» **MATERIAL PROVIDED**
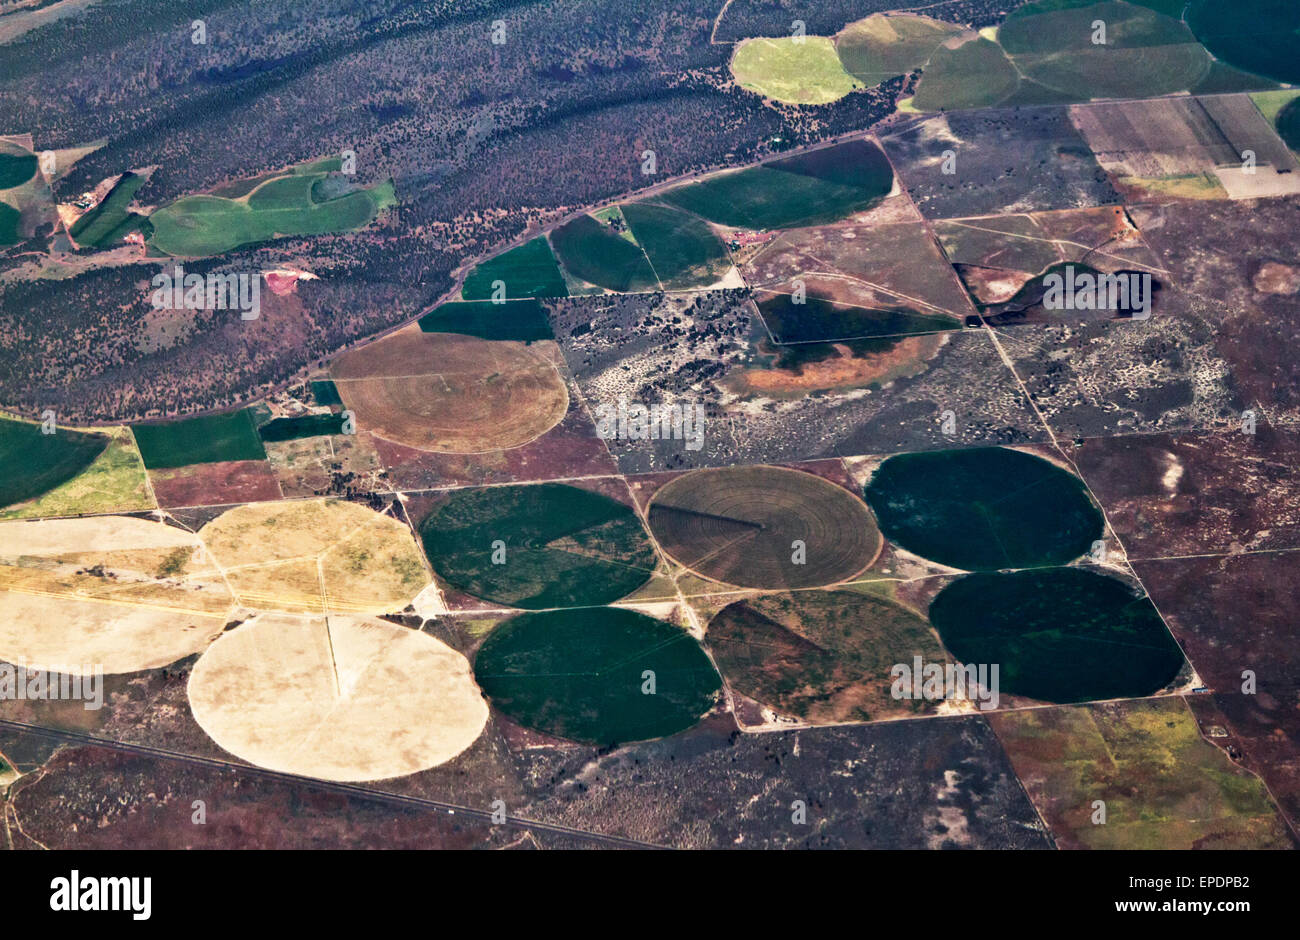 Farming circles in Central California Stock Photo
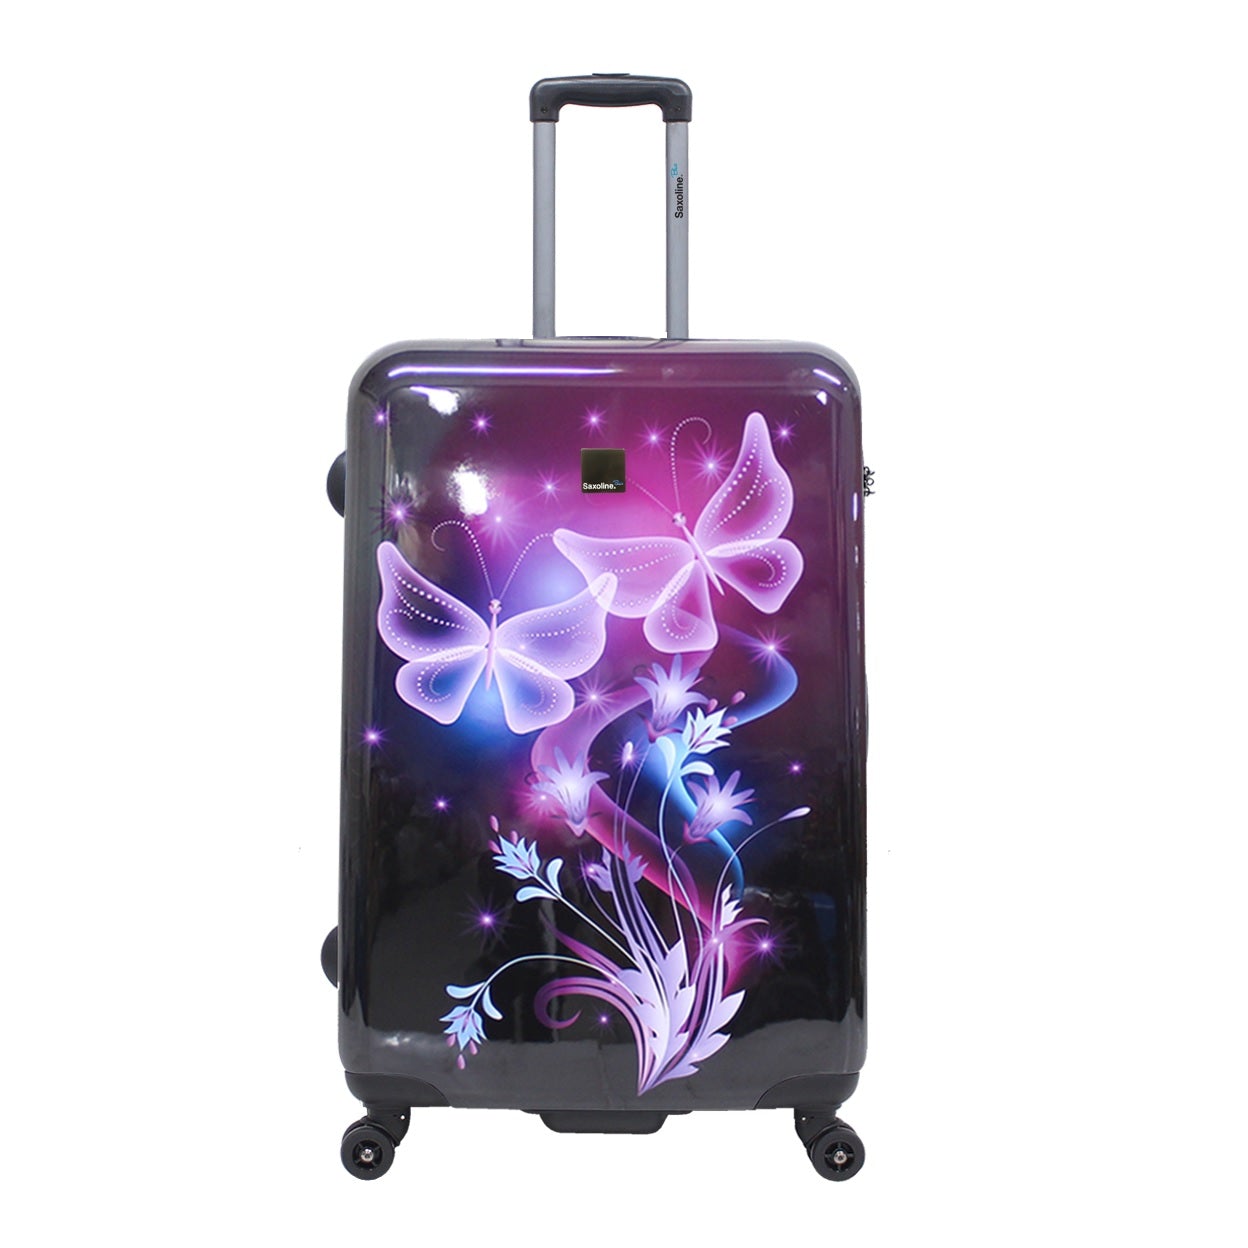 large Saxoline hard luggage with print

--

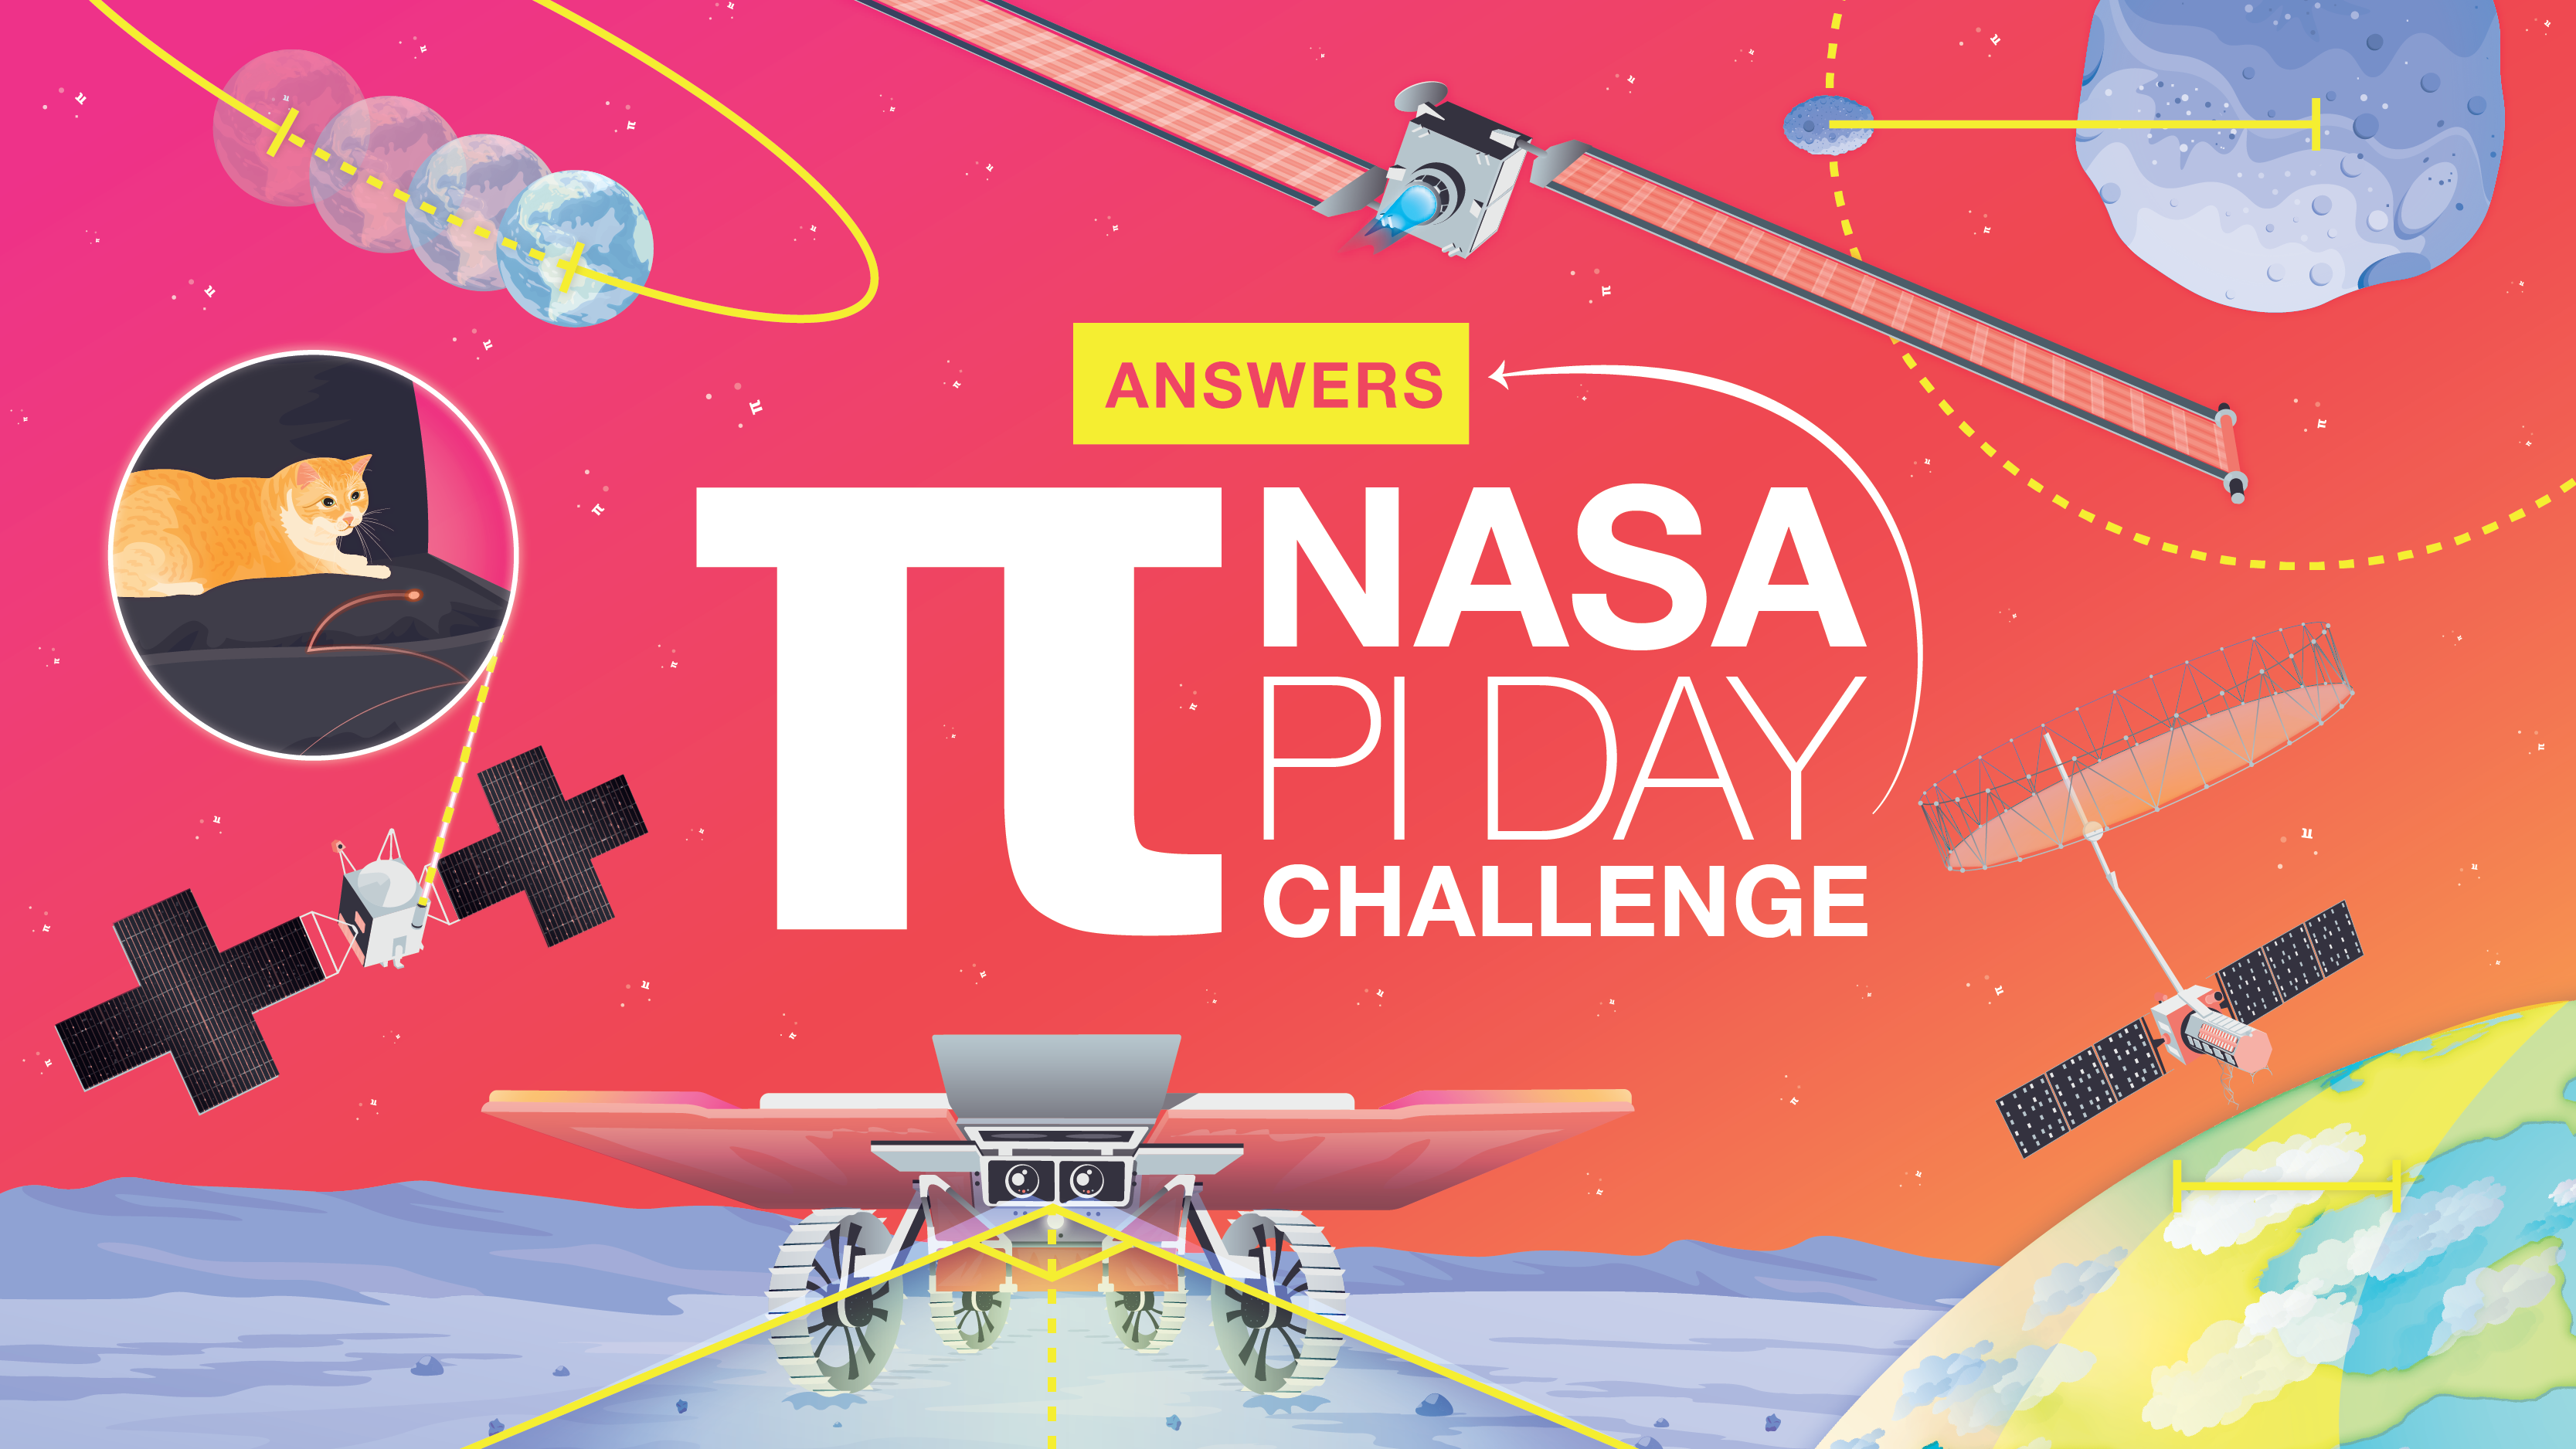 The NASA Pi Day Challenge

» **INSTRUCTIONS FOR THE TASK**
Look above for the line with "Farming circles in" and the line with "large Saxoline hard luggage with print". Give again exactly those two lines and all lines between them, pictures excluded.

» **EXERCISE ANSWER**
 Farming circles in Central California Stock Photo
 large Saxoline hard luggage with print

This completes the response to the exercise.